Didn't know where to post this as it has nothing to do with woodworking but posted last years owls and had a lot of interest. This is the 2015 edition.


----------



## Stick486 (Jan 4, 2013)

thanks...
most anything critter are great topics...


----------



## old55 (Aug 11, 2013)

Thanks Dennis.


----------



## Roy Drake (Feb 10, 2014)

I once had the privilege of watching a nest for a summer. Unfortunately, they didn't return to the same place the following year. Nothing is better than nature!


----------



## Herb Stoops (Aug 28, 2012)

routergieck said:


> Didn't know where to post this as it has nothing to do with woodworking
> 
> Who knows how many Owls perched in the tree that you just cut up? Thanks Dennis.
> 
> Herb


----------



## PhilBa (Sep 25, 2014)

Cool! Great Horned owls! Good pictures - they are sometimes pretty hard to get. We have a barred owl that lives near us. Pretty amazing when they fly - huge wingspan, stubby body and totally silent. We call him Franklin.


----------



## Ghidrah (Oct 21, 2008)

I think we have at least 3 great horned owls living/hunting I think 1/4 to 1/2 mile radius from my house, (not sure how far voice carries). Not sure if owl uses same call at all times, or change up, I consistently hear 3 hoot patterns 3121, 2111, 2211 and named them such. We also have at least a 2, possibly returning pair of screech owls same area. I only hear them at night while walking Sophie and almost always late summer through fall.

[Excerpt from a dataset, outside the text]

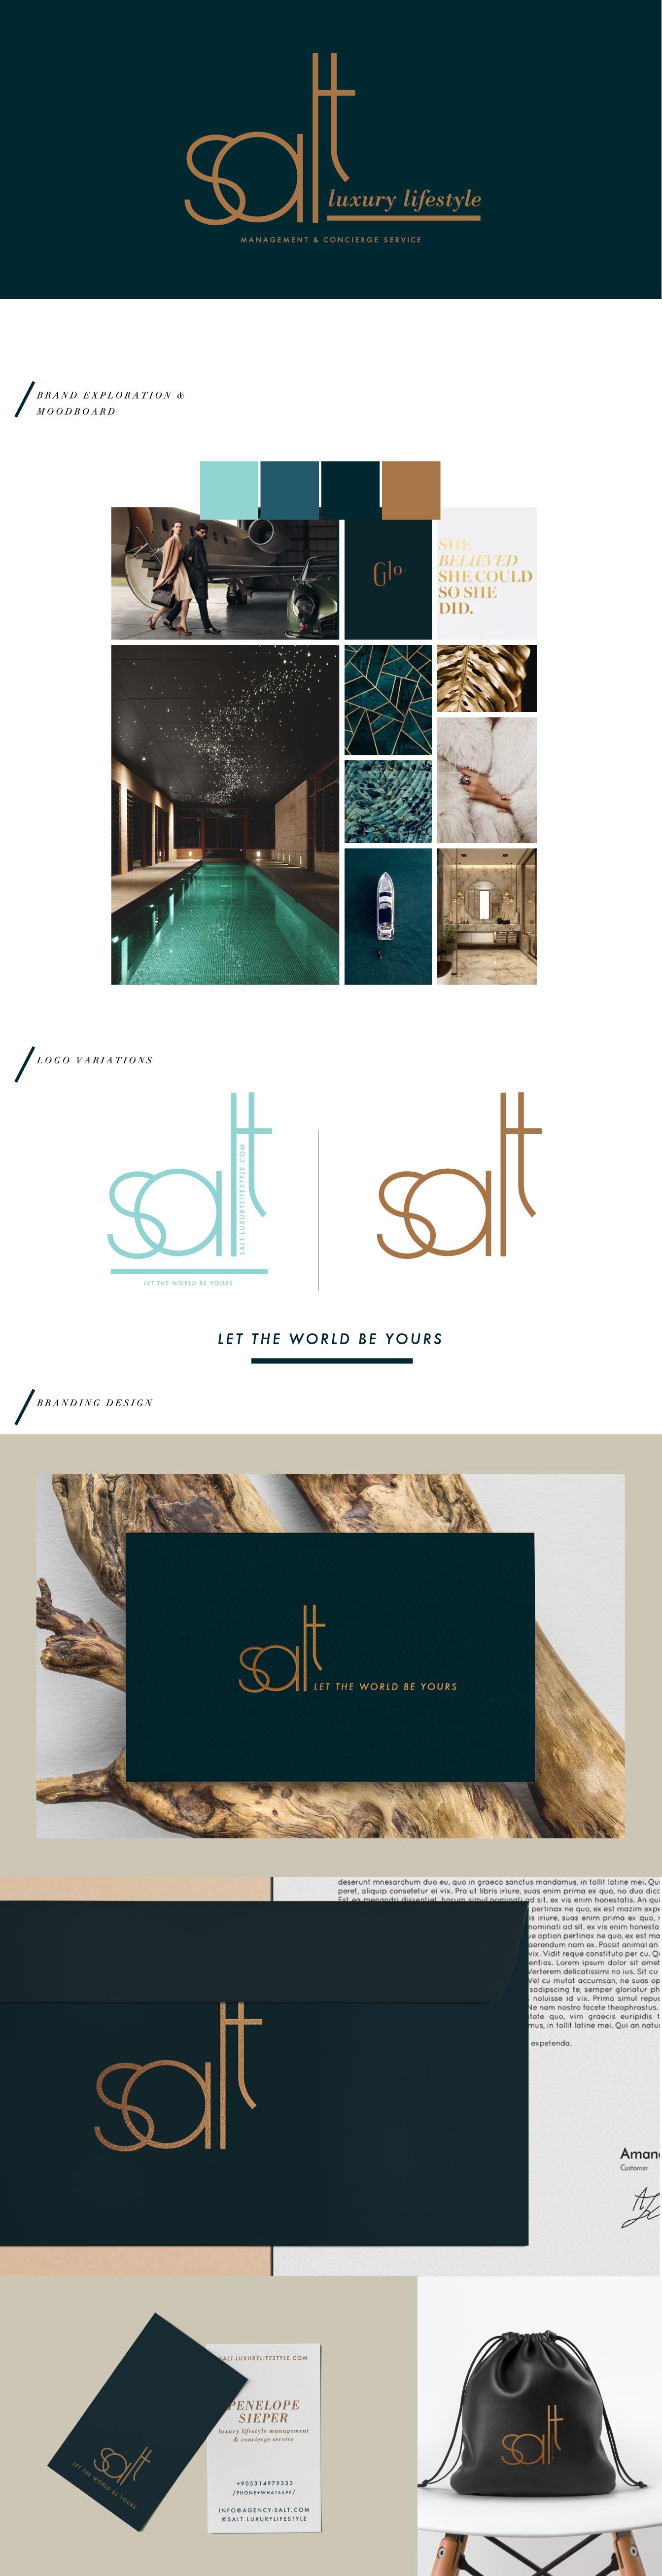 SALT_branding-01.png

We have tons of turkeys, possibly 2 groups, (not sure isn't same group) seen within a mile radius of our house. Often hanging around in the yards of the houses on our street in the morning or late afternoon. A couple 3 weeks ago was the 1st time I heard, tracked and saw the tom, (silhouette) up in some pine trees. I heard a couple hens responding to his call, picked what I thought was the closest one, (back toward my house) and crept through the woods toward it. Up till I saw one of my neighbors sons bolt from the bushes in their front yard I thought the birds were hold up there. When I saw the boy I laughed out loud and yelled lucky you aren't a turkey. The whole family was in the yard and also heard the tom, the father was practicing with his call.


----------



## Knothead47 (Feb 10, 2010)

FWIW, wild turkey tastes much better than the domestic turkey. And I'm not talking about the wild turkey that comes in a bottle.


----------



## P.A. Gosselin (Aug 24, 2014)

My late adopted father and I started to collect Owls decades ago and his wife gave me many of his pieces. My vagabond mom then camped close to Fort Macleod, in southern Alberta, and we witnessed a baby owl grow up over the summer a few years ago. What a treat that was, and I am sure I have the pictures somewhere to share them with you. I love these pictures and wonder if you might share what part of Canada you are in for reference? If not, no problem.


----------



## Larkan (Apr 13, 2012)

Dennis what sort of Owls are they? They are beautiful, they look a bit like Australian Powerful owls. Of course they're not....
Thanks for sharing them


----------



## Stick486 (Jan 4, 2013)

Larkan said:


> Dennis what sort of Owls are they? They are beautiful, they look a bit like Australian Powerful owls. Of course they're not....
> Thanks for sharing them


the tufts by themselves say horned owl...
the tufts and color say western screech....


----------



## routergieck (Feb 11, 2013)

Hi Pierre

We live just northeast of Calgary so not very far from you


----------



## routergieck (Feb 11, 2013)

Hi Kerry

They are Great Horned owls.We have had them nest in our shelterbelt for at least ten years and they have three youngsters just about every year. One year they nested in a tree just outside our bedroom window so that was quite a treat. They often perch on our satelite dish stand attached to the wall of our house.


----------



## Stick486 (Jan 4, 2013)

thanks..
some have all the luck... nature on the door step is such a plus...
owls at this elevation are few and very far between...

what we do see for horned owls are these...
note the coloration and size of the tufts...
the single grayed owl is a screech owl...
w/o knowing the physical size of the bird you can see where/how the conclusion I did...


----------



## routergieck (Feb 11, 2013)

They are literally on our doorstep at times. The wide eyed picture was taken through our livingroom window - the owl was sitting on our BBQ and staring into the house!

Dennis


----------



## papasombre (Sep 22, 2011)

I thought that owls were night animals. Nice pictures.


----------